Я не знаю точно, как и когда они познакомились, какая спираль, какой вираж судьбы свел в одной из ленинградских, подернутых краснодеревым петербургским маревом, гостиных мою маму и поэта, чьи стихи на голос я помнил с детства. Знаю только, что это Фаина Раневская познакомила Татьяну Вечеслову с Анной Ахматовой.
Вскоре после знакомства Анна Ахматова пригласила Вечеслову в гости. У нее собирались друзья. Состав собравшихся мать, вспоминая, не уточняла, но круг можно себе представить: он и тогда был не широк. Вечеслова волновалась, поскольку хозяйка давно уже была легендой, а то время имело свойство резонатора легенд. Вот у нее и случился, как это назвали бы актеры, зажим номер восемь. На столе стояли замечательные хрустальные александровские бокалы. По нынешним ценам они для труженика культуры просто неподъемны, но и тогда стоили каких-то денег, хотя ценны были не этим… Если представить себе, кто наливал в эти бокалы шипящее Клико, играющее ореолом ароматных, щекочущих подставленную ладонь брызг, взлетающих над тонким их краем, чьи ловкие пальцы опасно поигрывали ими в паузе между акмеистическими таинствами… Если только представить — голова идет кругом.

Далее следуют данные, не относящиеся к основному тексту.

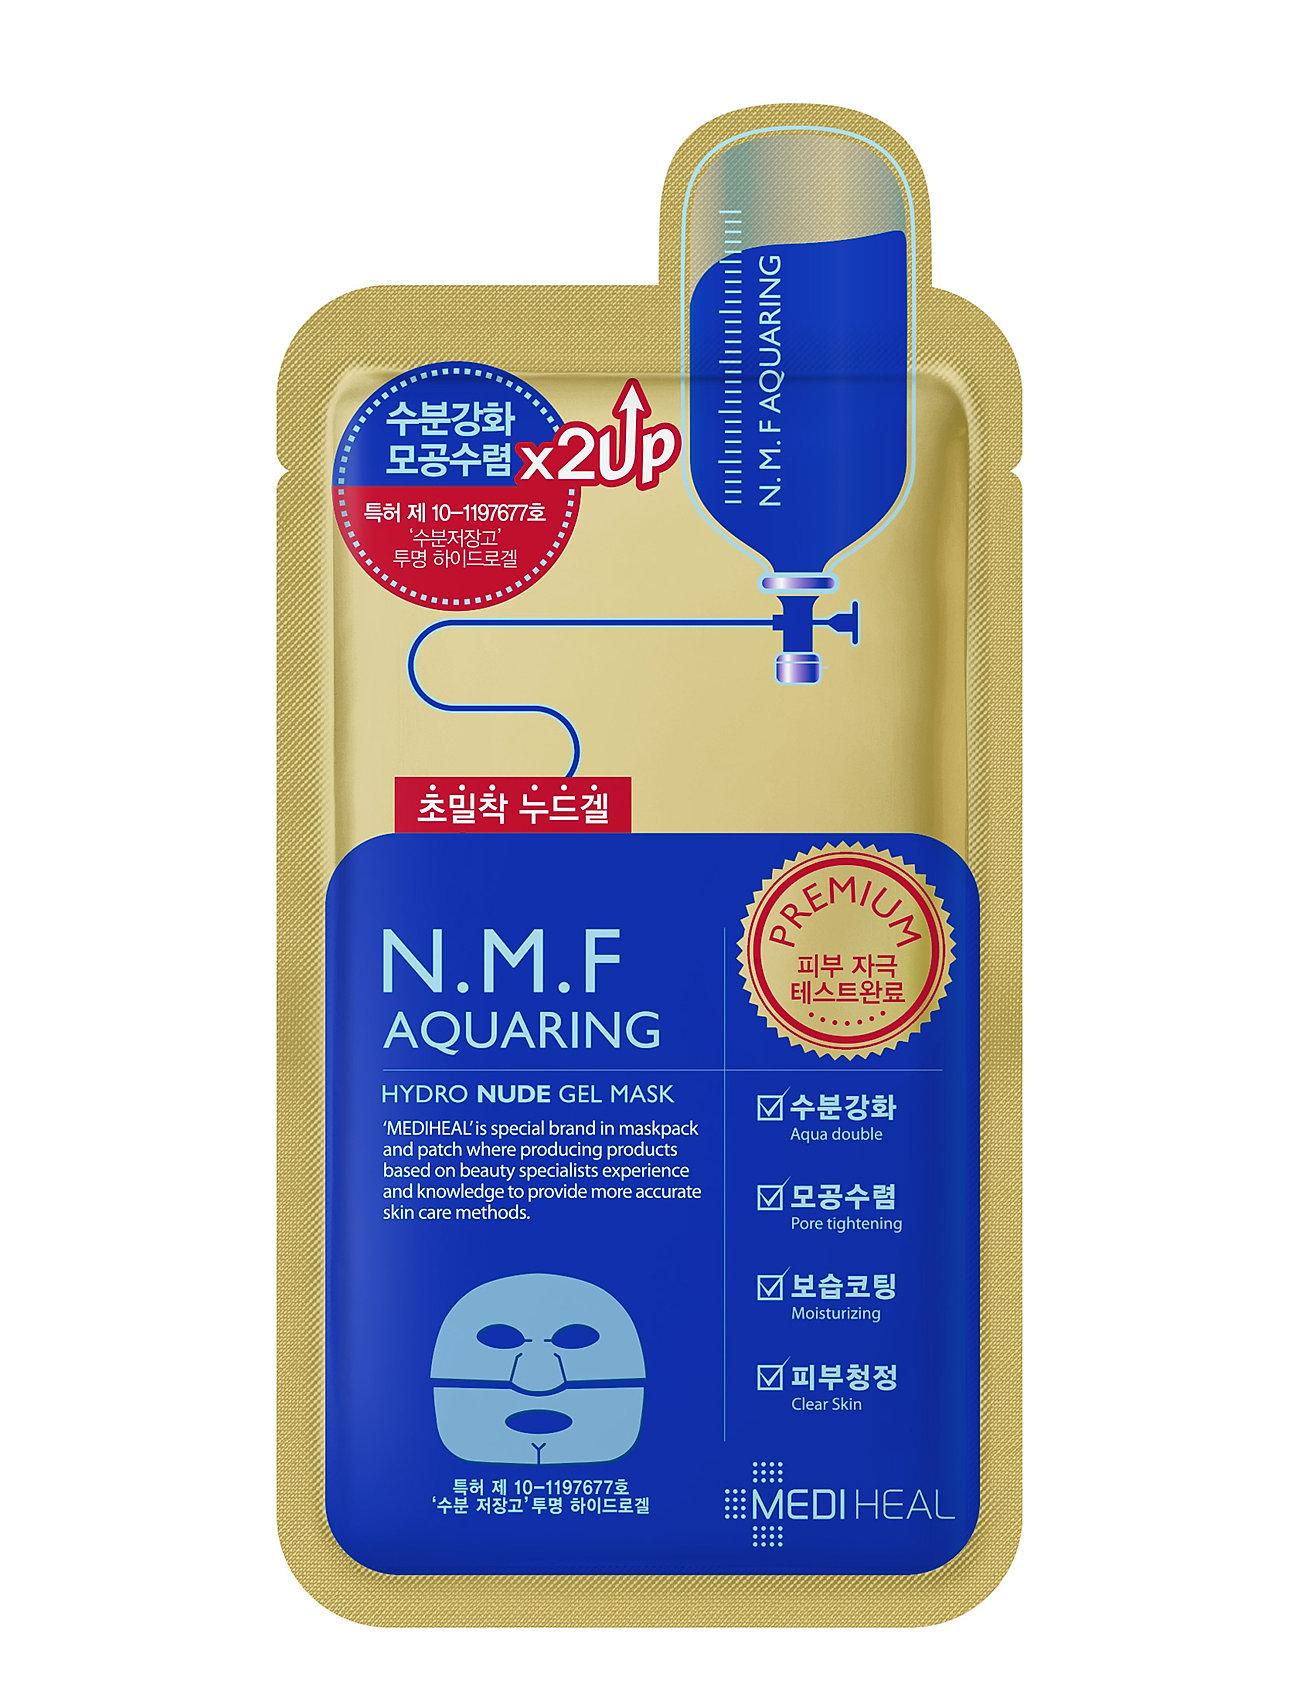 Image of Mediheal N.M.F Aquaring Nude Gel Mask Hudpleje Ansigtspleje Nude Mediheal (3413097005)

И вот в объятиях зажима Татьяна Вечеслова, пригубив шампанского, легким движением ставит бокал на стол — и он, будь нелегок, выждав секунду, слетает со своей хрустальной ноги с мелодичным звоном. Милое оживление за столом, и предположения вроде «Друзья, кажется, бить посуду еще не время!» — несколько смягчили неожиданный вандализм. Но смущение и неловкость ситуации только усиливают зажим: «Анна Андреевна, миленькая, да я же (берет в руку бокал), да я же просто взяла и поставила, вот!». Ставит. Бокал, выждав секунду, слетает со своей ноги с легким мелодичным звоном.
За столом наступает тишина. «Да нет, ну как?! — матушка в нокдауне. — Я же просто…» «Милая, не нужно,» — осторожно пробует остановить течение фатума Фаина Георгиевна. «Да нет! — повышает голос на судьбу мать. — Я просто взяла (берет, тишина становится липкой) и поставила…» Секунда — третий бокал слетает с ноги с легким мелодичным звоном. Как писал Марк Твен, опустим занавес милосердия над концом этой сцены…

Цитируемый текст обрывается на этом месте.